First, as noted earlier, this Court applies unambiguous statutes as written. The Legislature provided unambiguously in MCL 224.20b the method of distribution. Second, even if the ballot proposals satisfied MCL 211.24f, they violated MCL 224.20b. Therefore, regardless of the language in the proposals, the proposals themselves were illegal. Third, as the majority acknowledges, MCL 211.24f does not preclude using tax revenues generated by a ballot proposal for purposes other than the purpose stated in the proposal. This is especially significant in situations such as the instant case, in which the ballot proposals were illegal.
This Court acknowledged in 1988 that the Legislature has the power to determine how tax revenues may be spent. In Advisory Opinion on Constitutionality of 1986 PA 281,[6] this Court addressed the constitutionality of certain provisions of 1986 P.A. 281, MCL 125.2151 et seq., entitled the Local Development Financing Act. One of the questions presented was whether the capture and use of tax increment revenues by a local development finance authority violated the state constitution at Const. 1963, art. 9, § 6. Advisory Opinion on Constitutionality of 1986 PA 281, 430 Mich. 93, 97, 422 N.W.2d 186 (1988).
Amici curiae argued that, once the voters adopt an extra millage proposition for school funding purposes, any diversion of that millage to a local development funding authority violates the constitution. Id. at 108, 422 N.W.2d 186. This Court rejected that argument and concluded that article 9, § 6 of the constitution did not govern the capture and use of tax increment revenues. Id. at 107, 111, 422 N.W.2d 186. This Court further noted that "`in exercising the powers of the state the legislature may require the revenue of a municipality, raised by taxation, to be applied to uses other than that for which the taxes were levied.'" Id. at 113, 422 N.W.2d 186, quoting *546 Tribe v.
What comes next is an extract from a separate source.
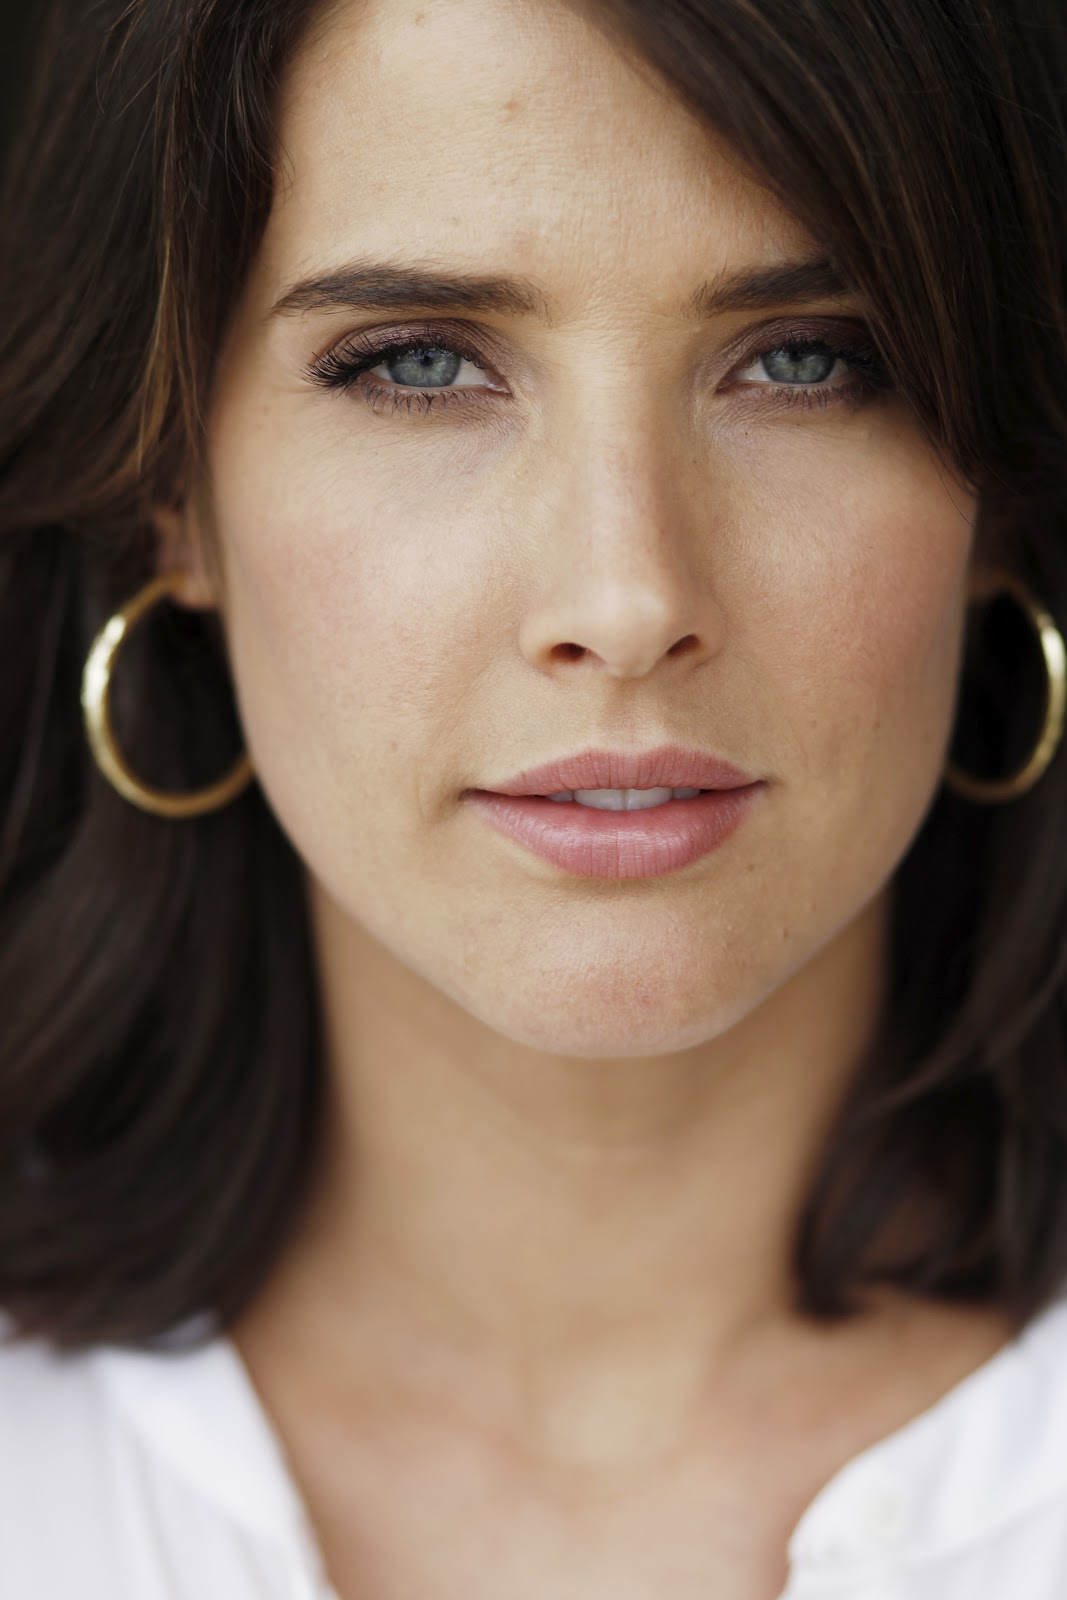 Cobie Smulders so beautiful latest Matt Sayles Photoshoot

Salt Lake City Corp., 540 P.2d 499, 504 (Utah, 1975).[7]
In keeping with the reasoning of Advisory Opinion on Constitutionality of 1986 PA 281, the Legislature may apply tax revenues for purposes other than those for which the people intended them. By contrast, no persuasive authority exists for the proposition that defendants here, through an illegal ballot proposal, could distribute the taxes raised contrary to the manner specified in a governing statute.
THE AVAILABILITY OF A REMEDY
Moreover, the majority is incorrect in concluding that the only remedies available to plaintiff were to enjoin collection of the millages or to compel refund of the monies to the taxpayers. Neither the trial court nor the Court of Appeals discussed whether any remedies or corresponding defenses were available. The question should be resolved first by the trial court on remand. However, I believe that equitable remedies are available, subject to any defense a defendant might have.
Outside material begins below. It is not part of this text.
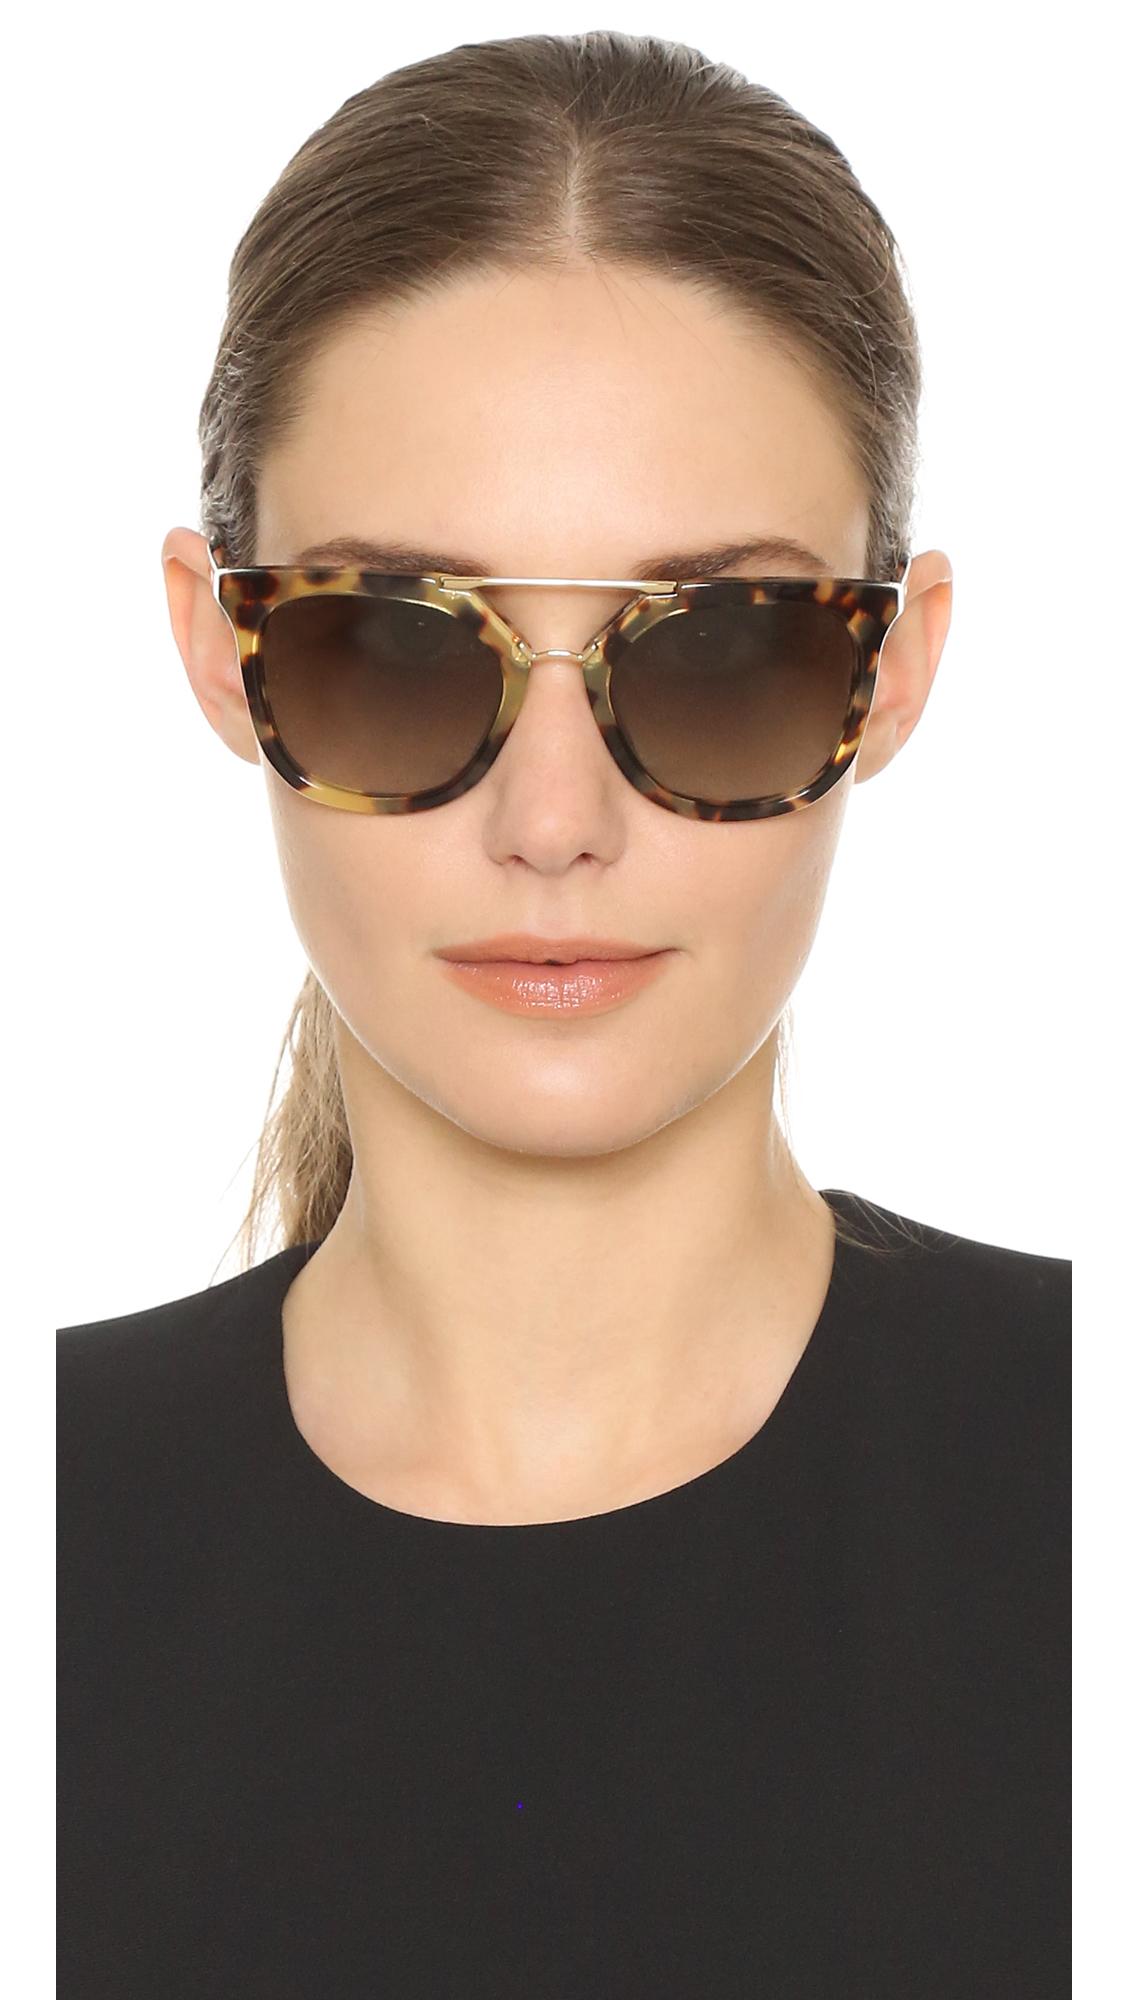 5db6d279a Prada Thick Frame Aviator Sunglasses in Green - Lyst

As an initial matter, the majority concludes that, because the Legislature did not expressly provide for a private cause of action, plaintiff cannot seek restitution for a violation of MCL 224.20b. It supports this conclusion by citing MCL 224.30, which states:
(1) If an audit or investigation conducted under this act discloses statutory violations on the part of an officer, employee, or board of a county road commission, a copy of the report shall be filed with the attorney general who shall review the report and cause to be instituted a proceeding against the officer, employee, or board as the attorney general deems necessary.
* * *
(3) The attorney general or the prosecuting attorney shall institute civil action in a court of competent jurisdiction for the recovery of public moneys disclosed by an examination to have been illegally expended or collected and not accounted for and for the recovery of public property disclosed to have been converted and misappropriated.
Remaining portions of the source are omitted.